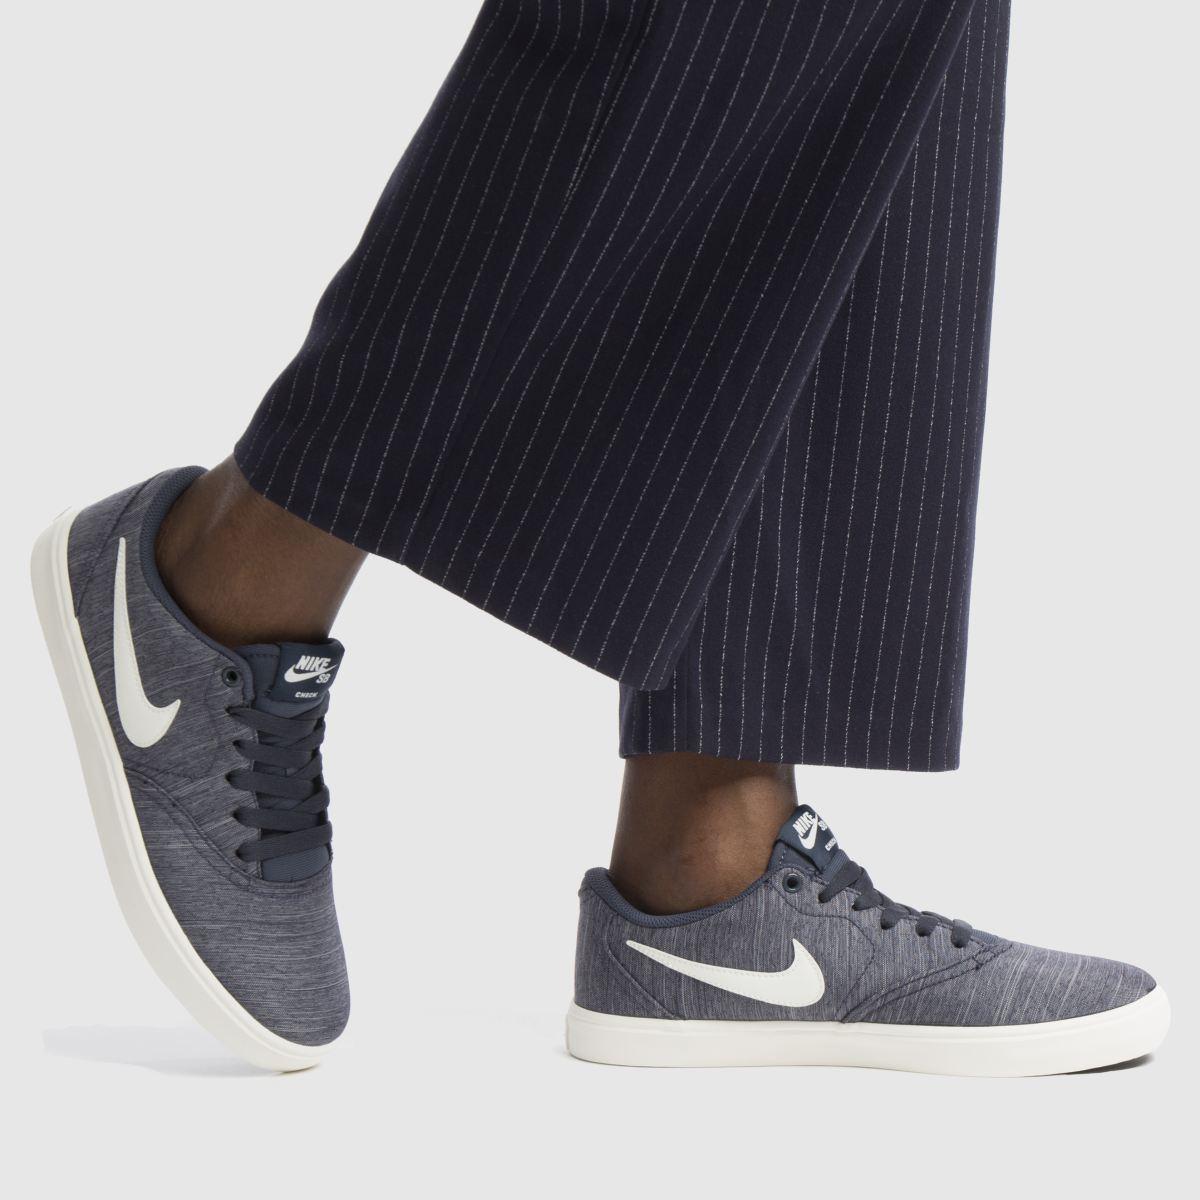 Damen Marineblau-weiß nike sb Check Solarsoft Canvas Sneaker | schuh Gute Qualität beliebte Schuhe
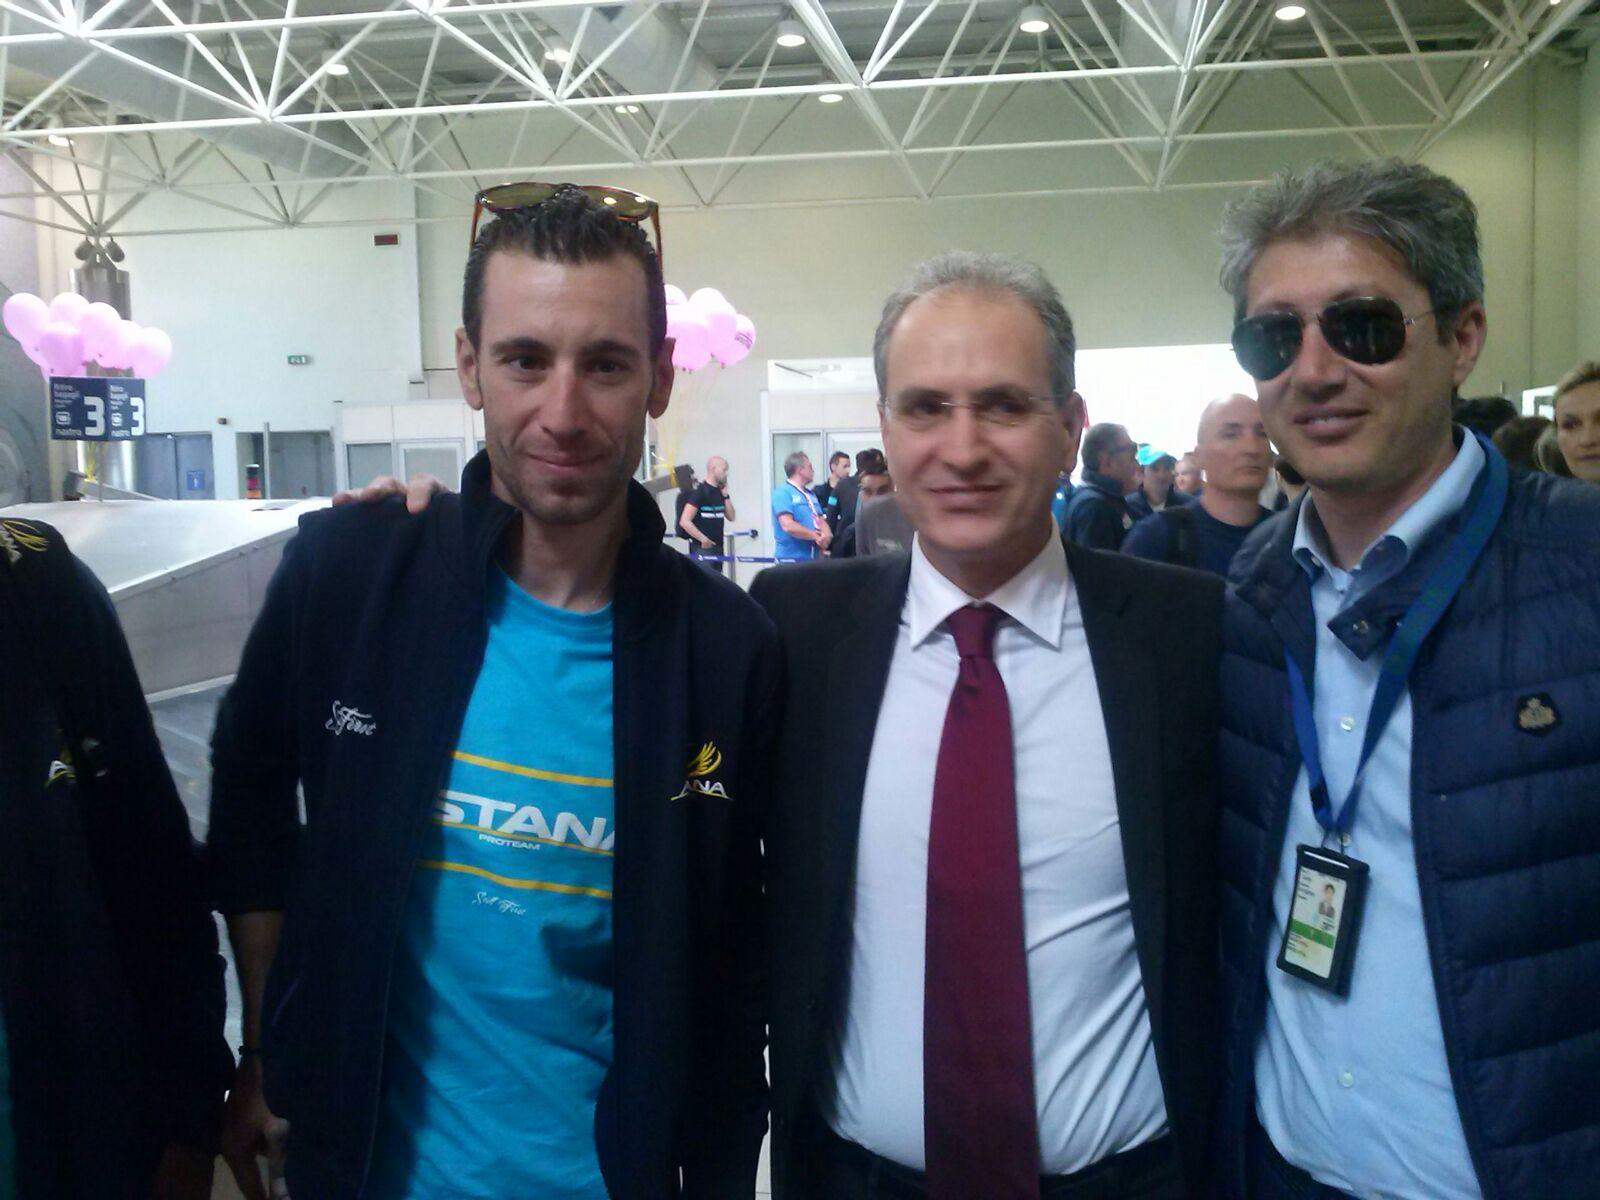 Giro d'Italia, ciclisti e carovana giunti a LameziaAccoglienza festosa in aeroporto, acclamato Nibali
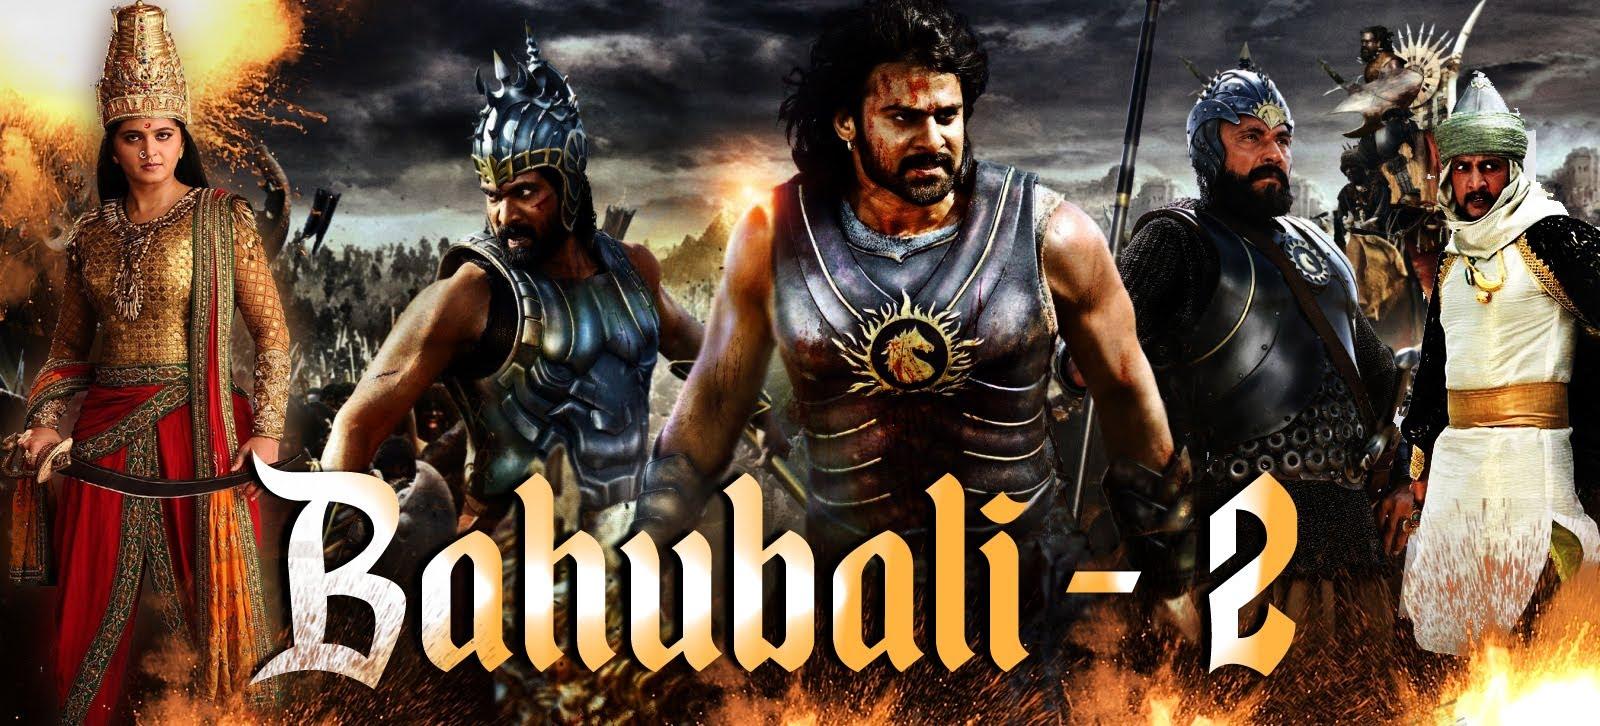 Bahubali 2 Reviews
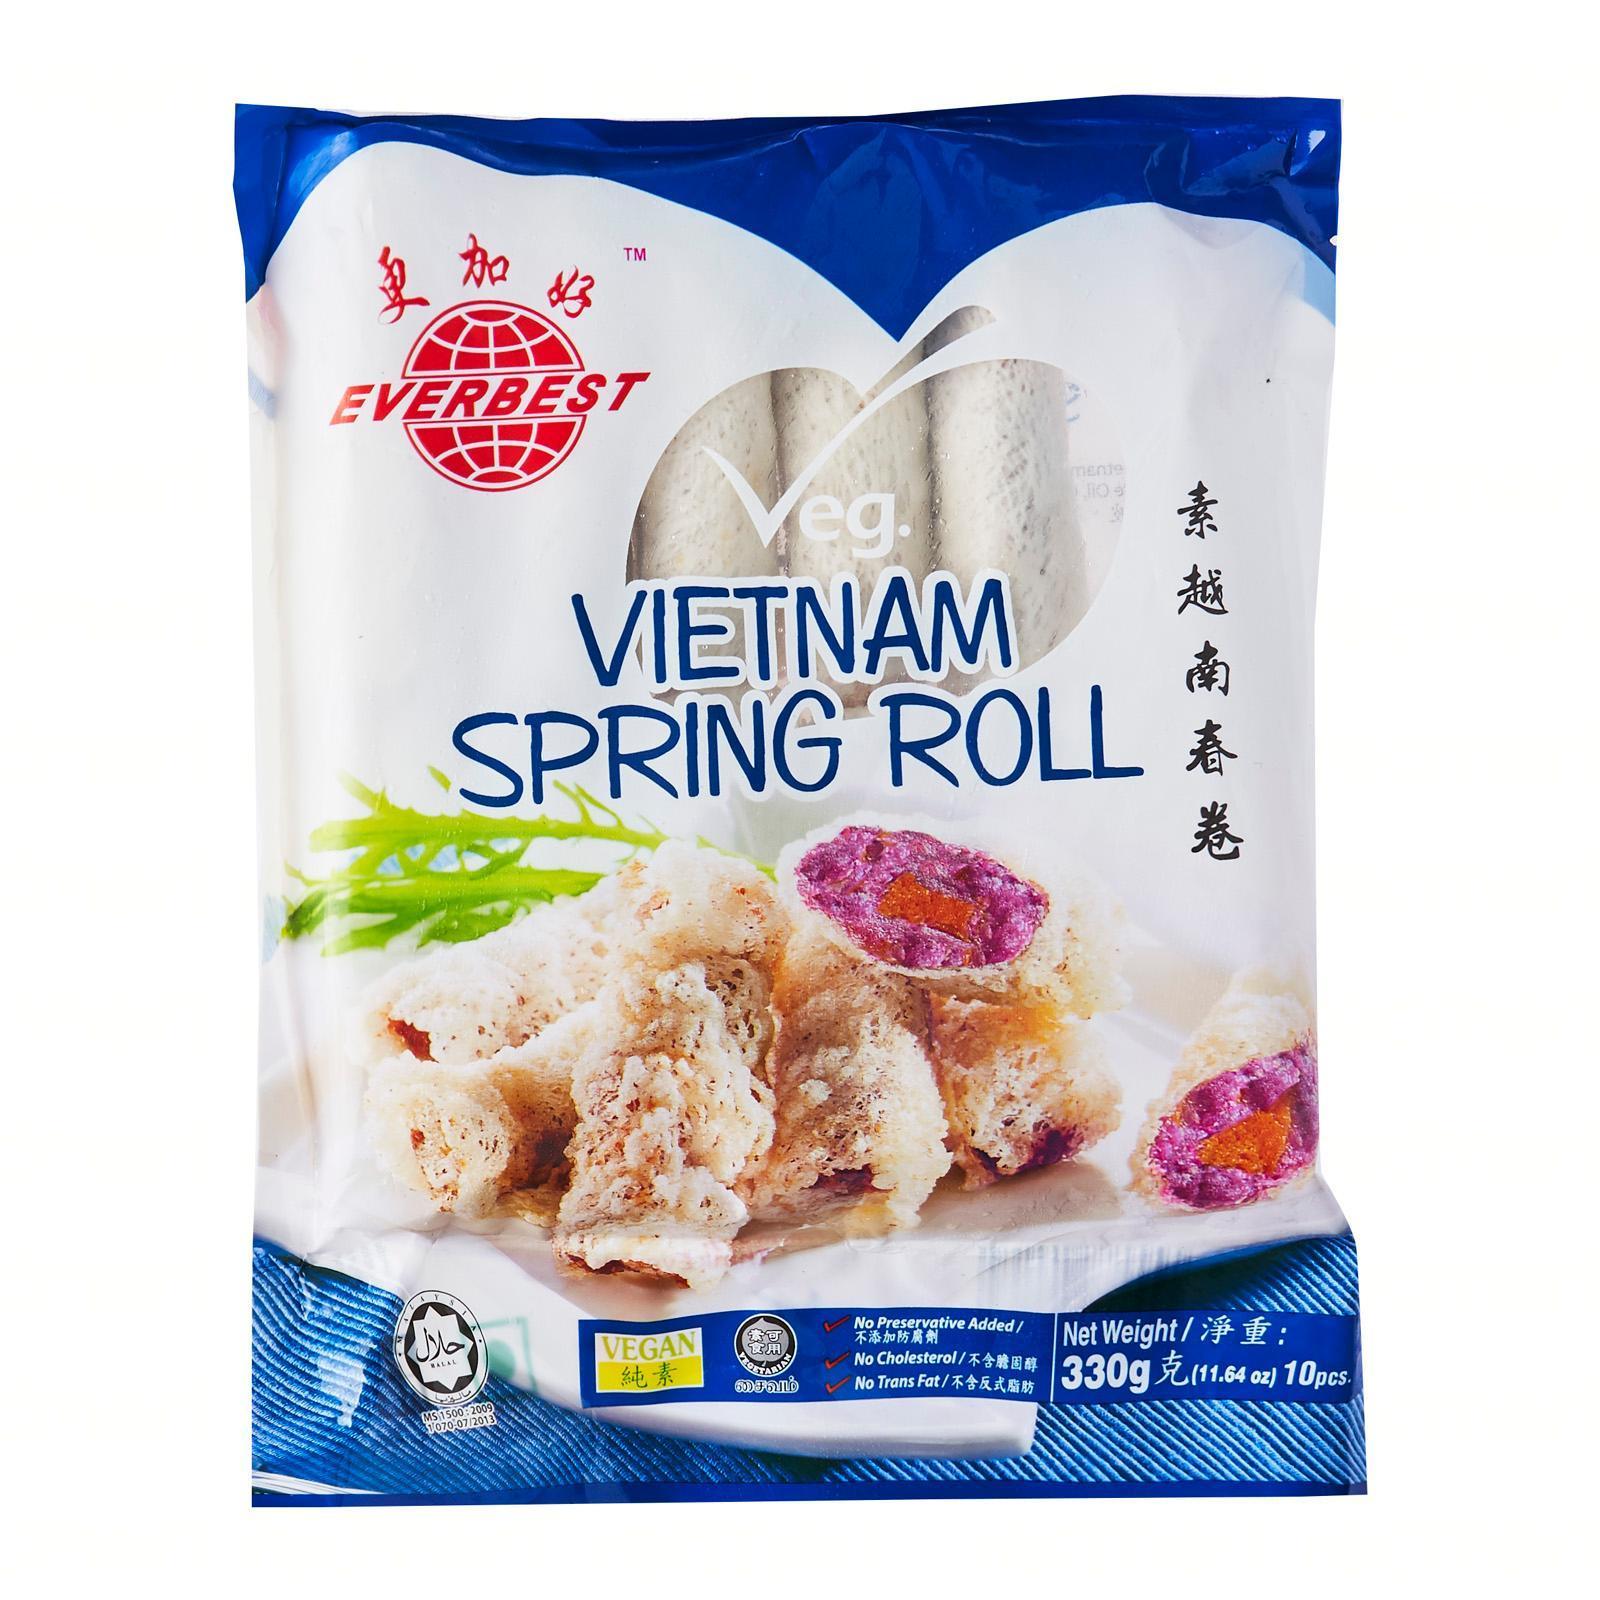 EB Vegetarian Vietnam Spring Roll - Frozen

+++++

_Exercise instructions_: Pictures stay out. Copy exactly, and only, the lines from the one containing "Giro d'Italia, ciclisti" through the end of the data.

_Answer for the task_:
 Giro d'Italia, ciclisti e carovana giunti a LameziaAccoglienza festosa in aeroporto, acclamato Nibali
 Bahubali 2 Reviews
 EB Vegetarian Vietnam Spring Roll - Frozen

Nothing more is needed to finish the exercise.